Step 4: Feature Scaling

Method: Preprocessor.scale_numerical_columns() Scaler: StandardScaler (z-score normalization) Numerical Features Scaled:
numerical_features = [
    'months_as_customer',
    'policy_deductable',
    'umbrella_limit',
    'capital-gains',
    'capital-loss',
    'incident_hour_of_the_day',
    'number_of_vehicles_involved',
    'bodily_injuries',
    'witnesses',
    'injury_claim',
    'property_claim',
    'vehicle_claim'
]
Transformation:
scaler = StandardScaler()
scaled_data = scaler.fit_transform(numerical_features)
# scaled_data has mean=0, std=1
Reference: data_preprocessing/preprocessing.py:156-190
Training vs Prediction: In production, the scaler should be fit on training data and only transform prediction data to prevent data leakage. The current implementation fits on each dataset independently.

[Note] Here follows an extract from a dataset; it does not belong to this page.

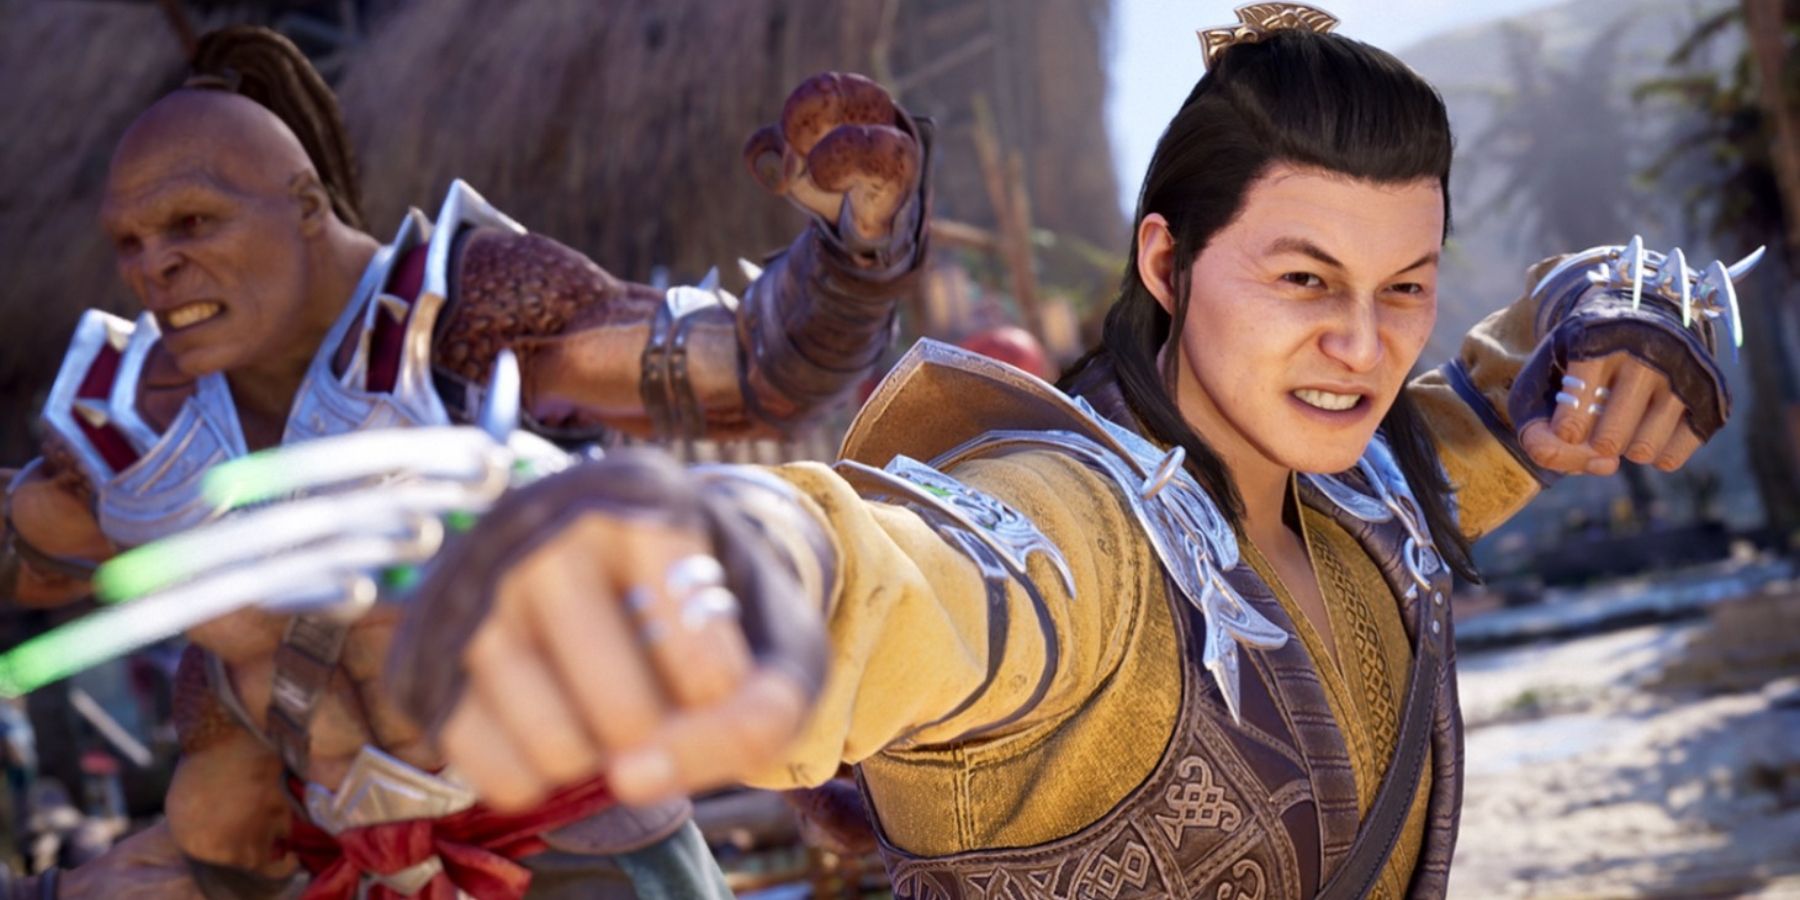 Cary-Hiroyuki Tagawa Will Reprise His Role as Shang Tsung - Mortal Kombat  Secrets
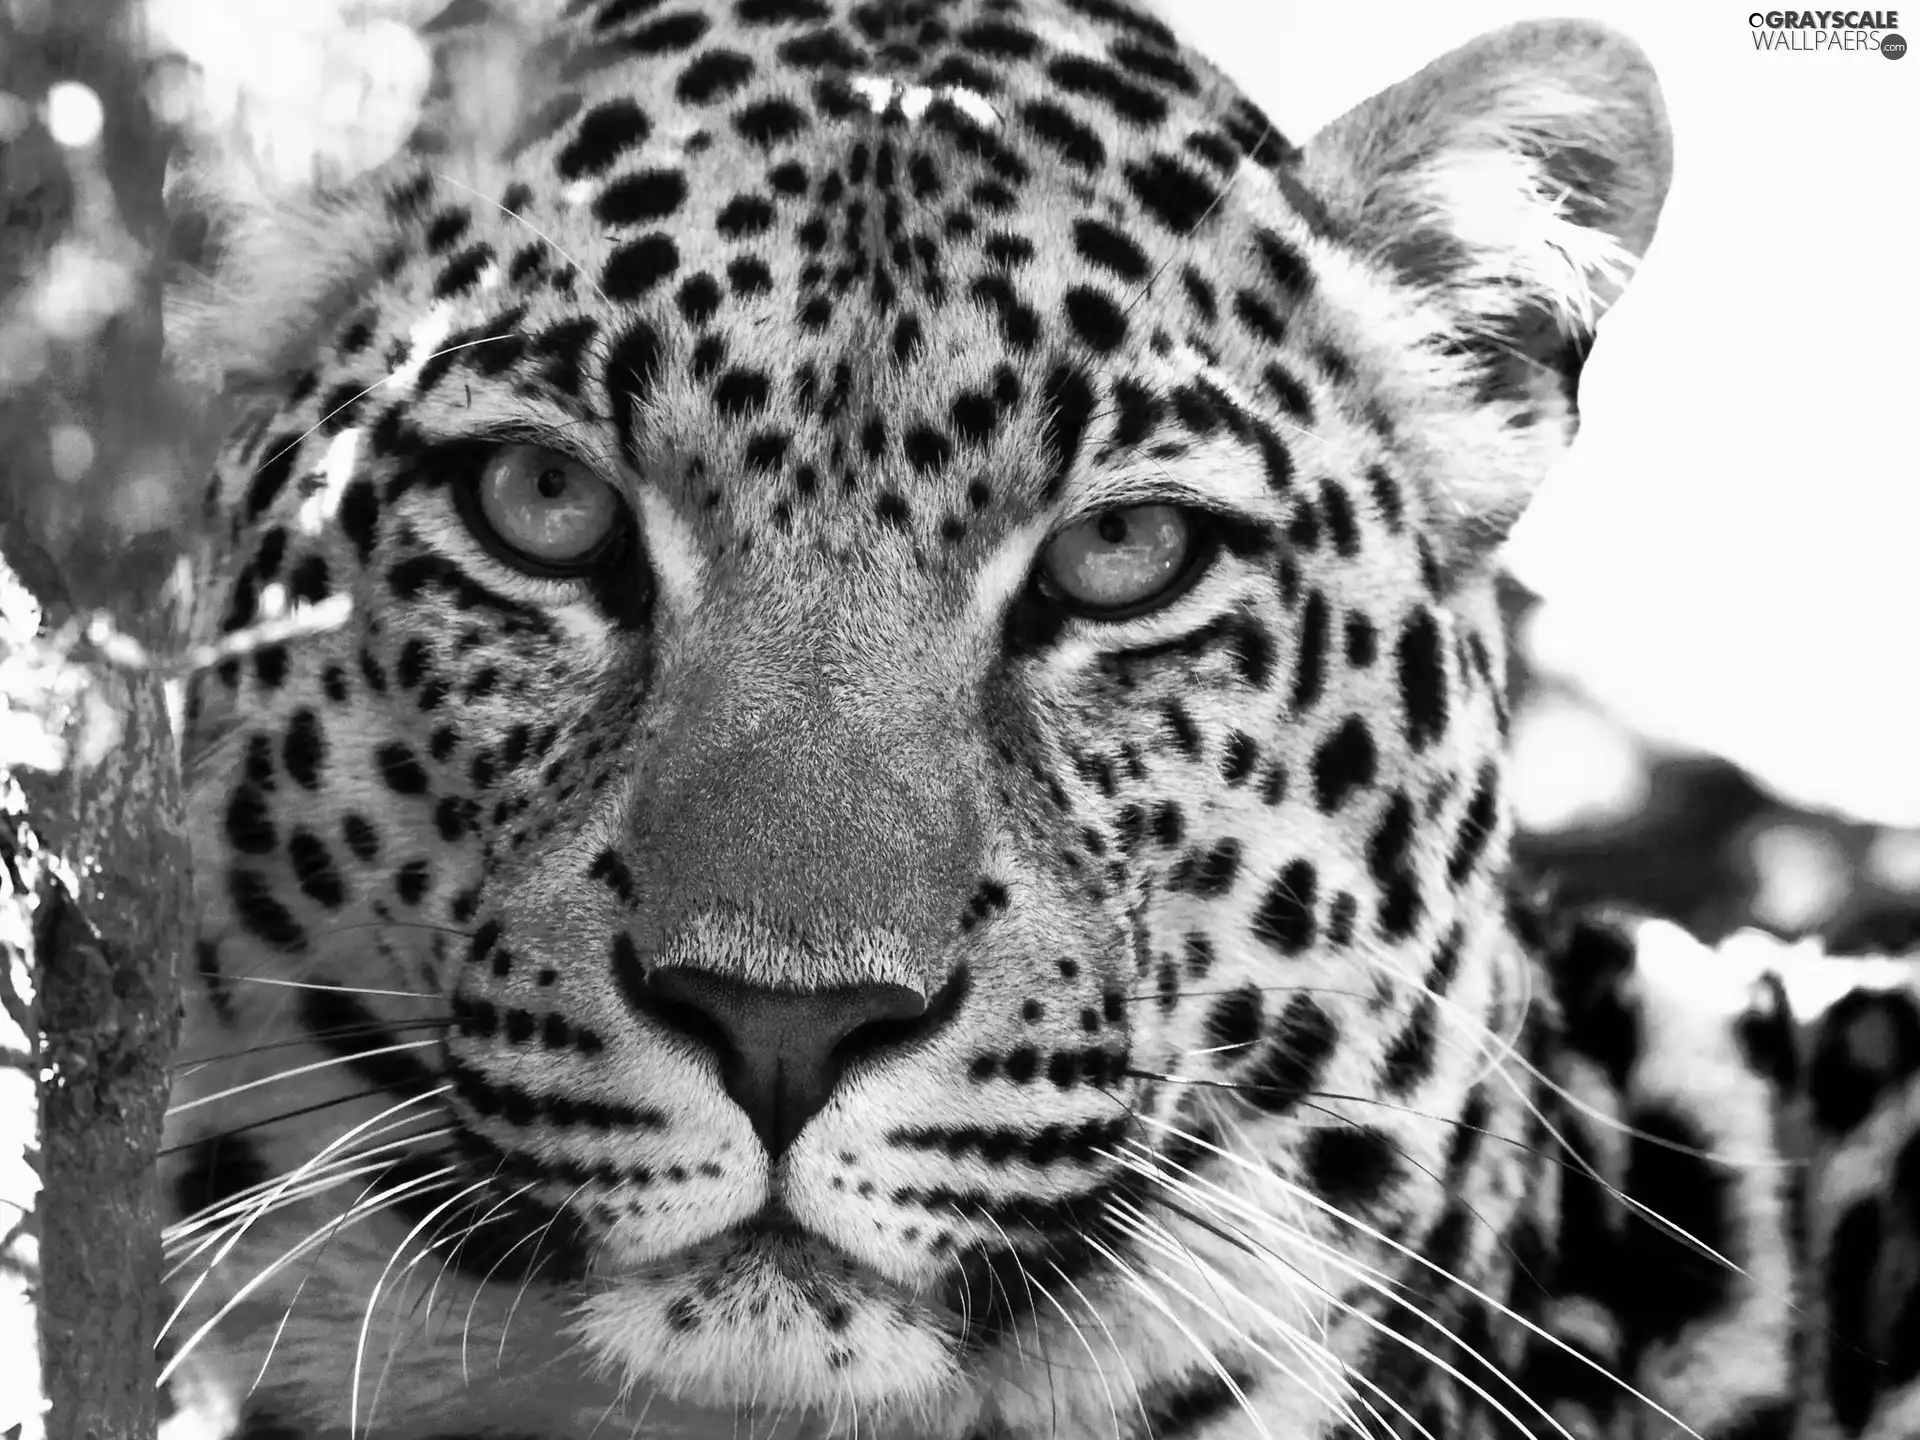 Leopards, spots

Step 5: Label Separation (Training Only)

Method: Preprocessor.separate_label_feature()
X, Y = preprocessor.separate_label_feature(data, 
                                          label_column_name='fraud_reported')
# X: Features DataFrame
# Y: Target Series (0=N, 1=Y)
Reference: data_preprocessing/preprocessing.py:74-95

Data Quality Checks

Missing Value Report

Output: preprocessing_data/null_values.csv Content:
columns,missing values count
months_as_customer,0
policy_csl,0
collision_type,178
property_damage,360
police_report_available,360
...
Reference: data_preprocessing/preprocessing.py:121-124

Elbow Plot

Output: preprocessing_data/K-Means_Elbow.PNG Purpose: Visual confirmation of optimal cluster count Method: K-Means WCSS (Within-Cluster Sum of Squares) analysis
wcss = []
for i in range(1, 11):
    kmeans = KMeans(n_clusters=i, init='k-means++', random_state=42)
    kmeans.fit(data)
    wcss.append(kmeans.inertia_)

# Find elbow using KneeLocator
kn = KneeLocator(range(1, 11), wcss, curve='convex', direction='decreasing')
optimal_clusters = kn.knee
Reference: data_preprocessing/clustering.py:19-47

Output Formats

Training Output

Model Files: Saved to models/ directory (via File_Operation) Naming Convention:
  • K-Means model: KMeans
  • Cluster models: XGBoost0, SVM1, etc.
Format: Pickled scikit-learn/XGBoost objects

Prediction Output

File: Prediction_Output_File/Predictions.csv Format:
Predictions
N
Y
N
N
Y
...
Mapping:
  • N - Not fraudulent (model output = 0)
  • Y - Fraudulent (model output = 1)
Reference: predictFromModel.py:64-71
The prediction file is created with mode='a+' which appends results. The deletePredictionFile() method ensures old predictions are cleared before new runs.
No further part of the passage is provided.